February 10, 2009

SingTel will be reporting 3QFY09 results on 10 Feb. We expect underlying net profit to decline 15% yoy to $792m on the back of a 4% yoy (5% qoq) decline in revenue to $3681m. However, EBITDA margin is expected to rise 1 percentage point qoq to 28.7% while share of associates’ profits is expected to be flat qoq but down 28% yoy.

Group EBITDA margin should have improved qoq following the sharp decline in 2Q09, which was caused by launch costs and hefty subsidies for the Apple iPhone. In Singapore, competition had also noticeably retreated after 4-5 quarters of intense market share grab that caused EBITDA margin to fall from 31% in 1Q08 to 27.7% in 2Q09.

Associates had a mixed performance during the quarter. Bharti did very well (3Q09 sales +7%, PBT +25% qoq) as the Indian market remained immune to the economic crisis. Globe reported a very strong 4Q08 sales-wise (5% qoq) as it benefited from strong demand for data and broadband, but reported a 15% qoq drop in profit due to higher expenses.
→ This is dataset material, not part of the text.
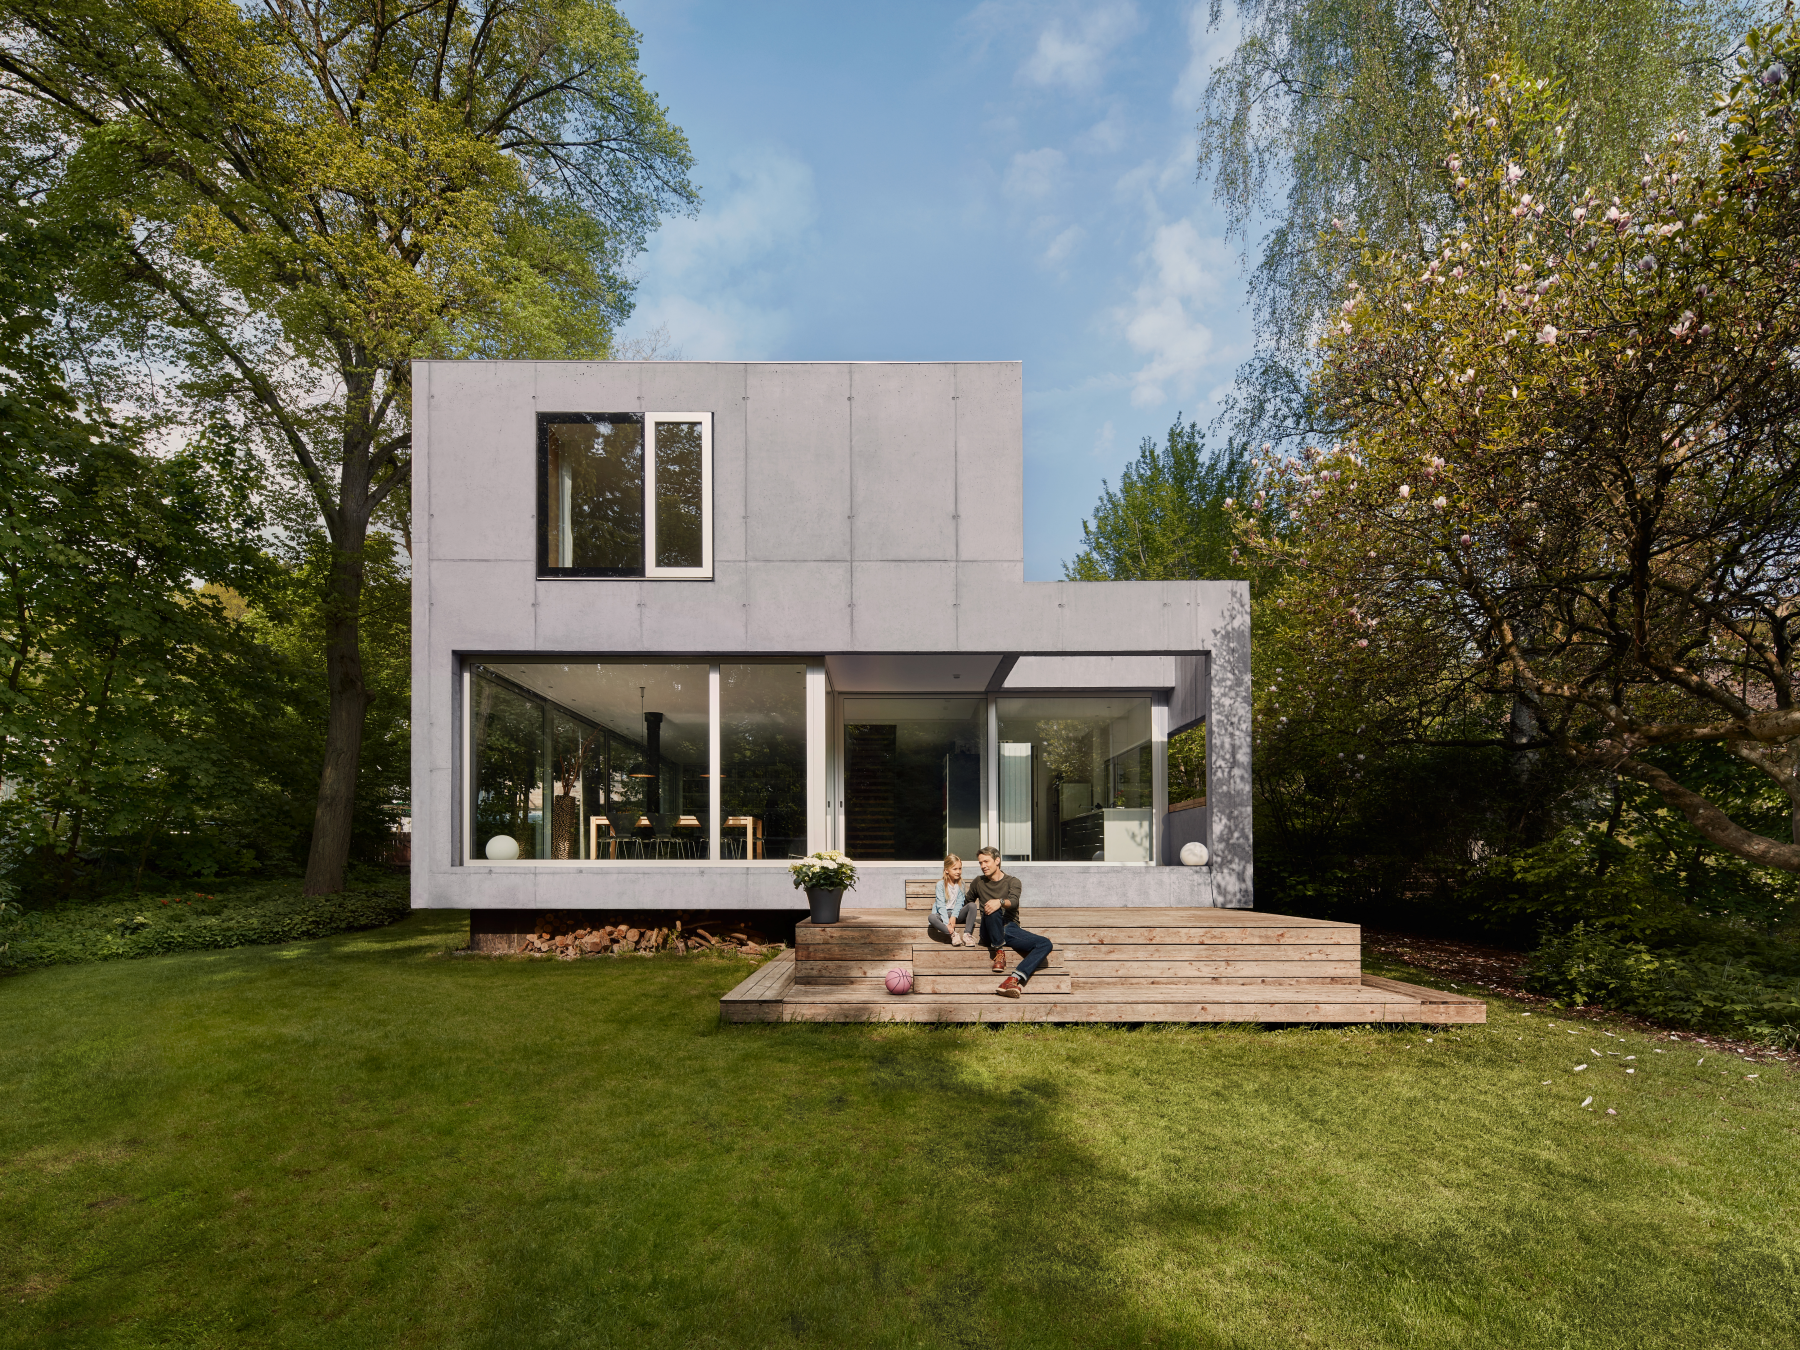 Einfamilienhaus mit Sichtbetonfassade und Glasfront, umgeben von Bäumen und gesäumt von einer Grasfläche. Auf den Stufen vor dem Haus sitzen eine erwachsene Person und ein Kind.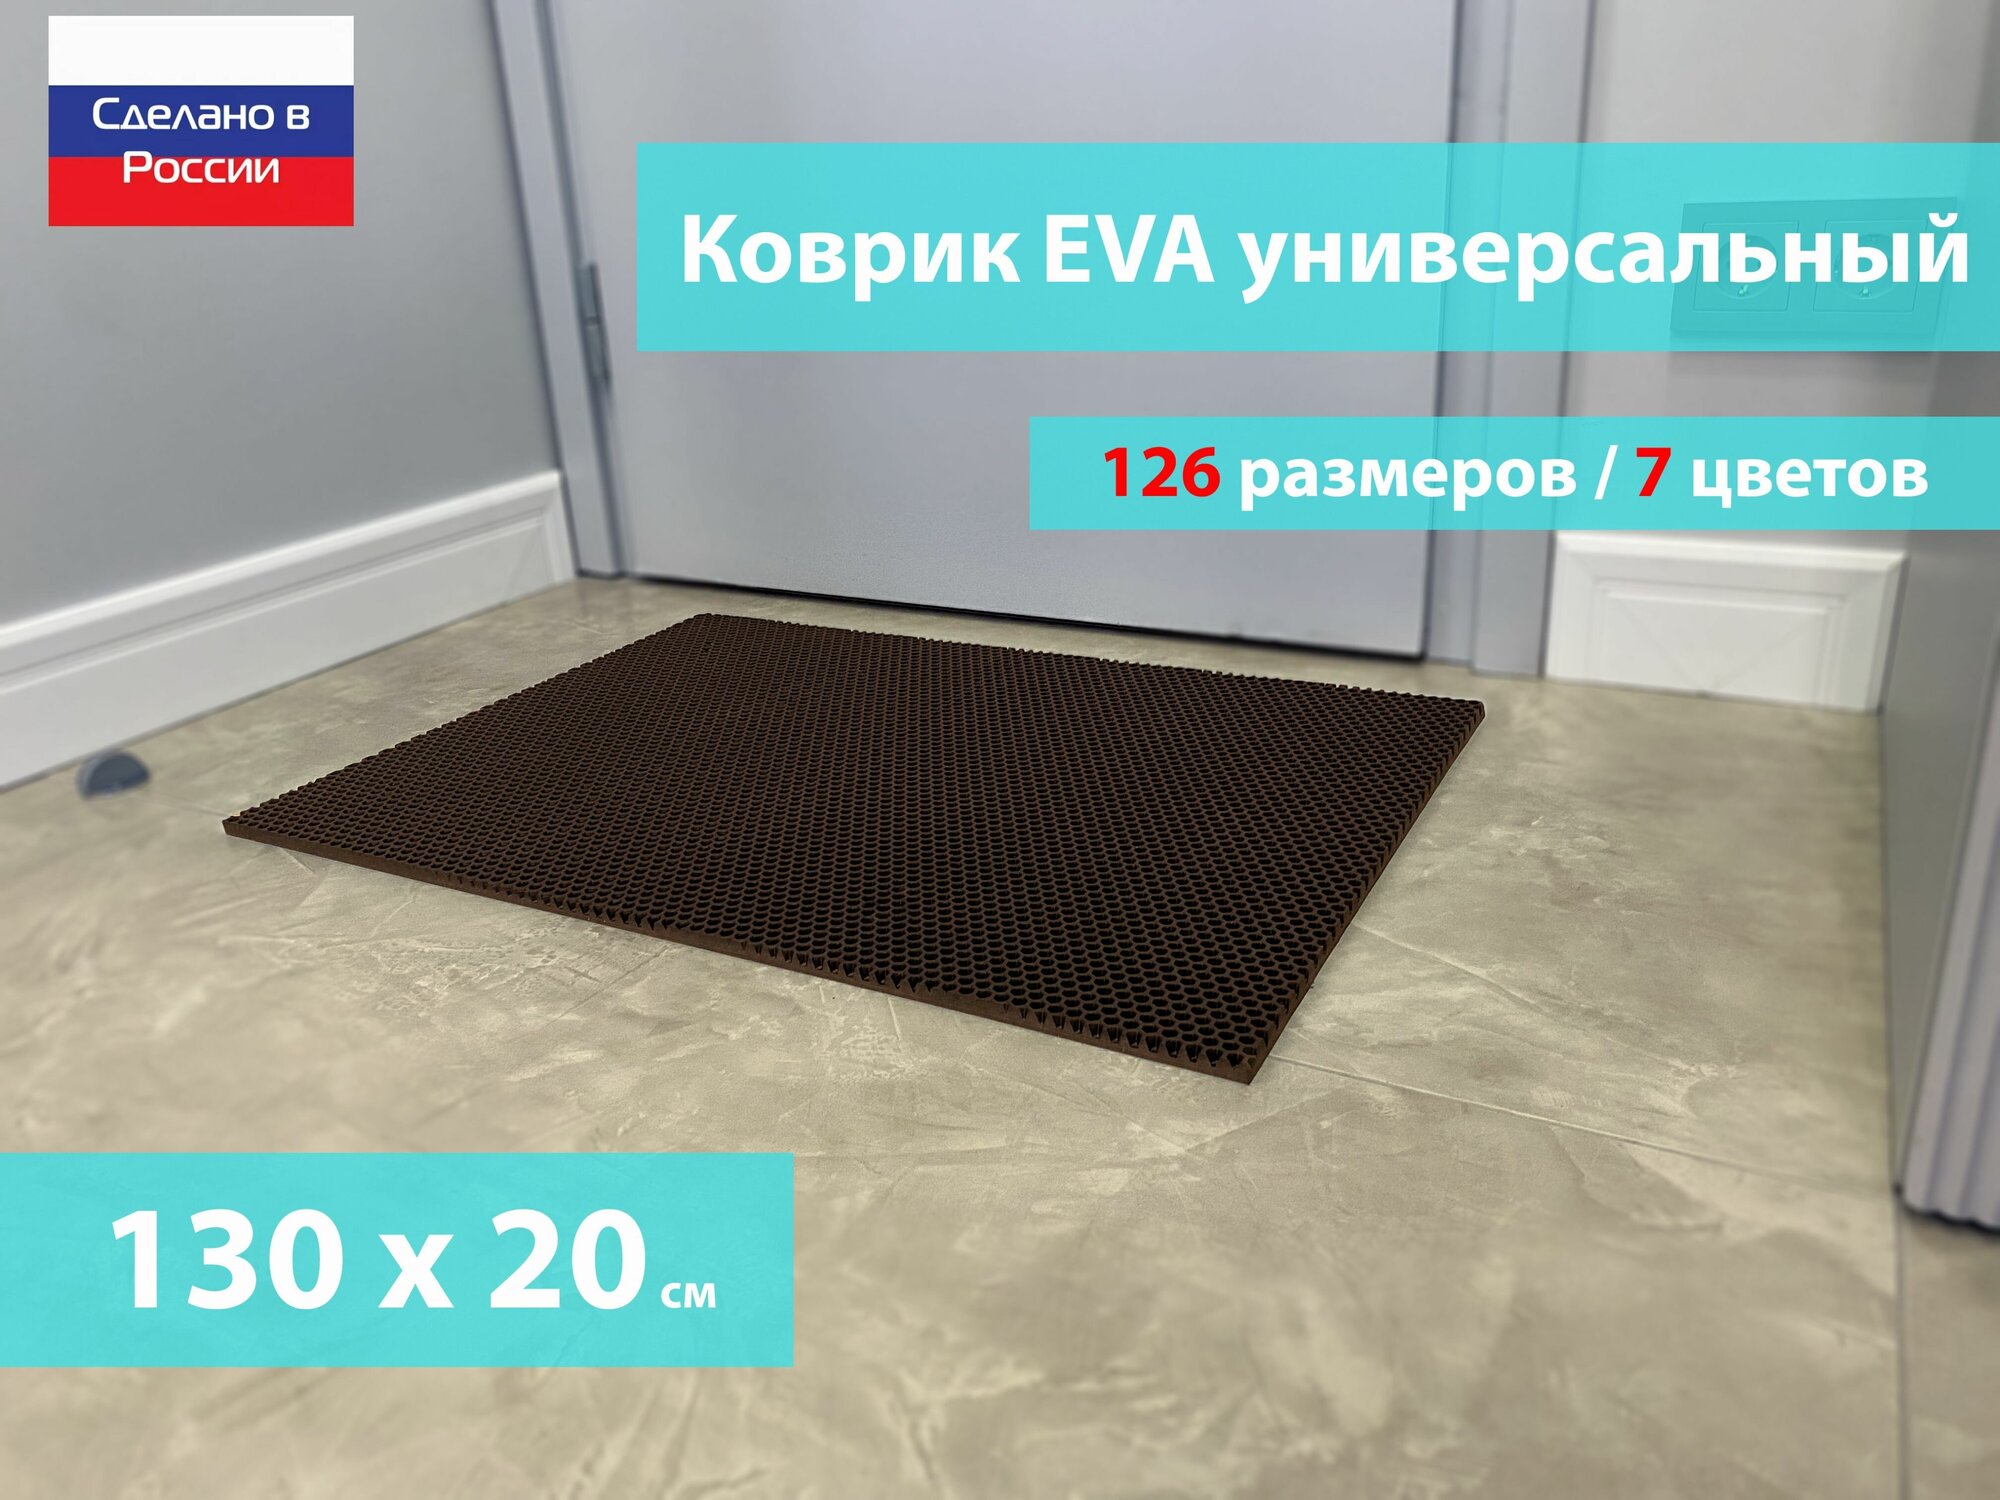 Коврик придверный EVA (ЕВА) в прихожую для обуви / Ковер ЭВА на пол перед дверью/ коричневый / размер 130 х 20 см - фотография № 1

Currencies in general have been less volatile than in the past few quarters. Still, the average value of the Australian dollar, Indonesian rupiah and Indian rupee depreciated 18%, 12% and 5% during the quarter, impacting Optus, Bharti and Telkomsel. They account for roughly 60% of PBT. AIS and Globe contributions however should flow through without any forex muddying of the waters.

We maintain our BUY call on SingTel with a blended DDM/SOTP target of $2.88. Potential catalysts include potential currency appreciation in future as the worst of the crisis newsflow appears to have passed. In addition, a benign competitive landscape in Singapore could draw attention to SingTel’s defensive business and decent dividend yield.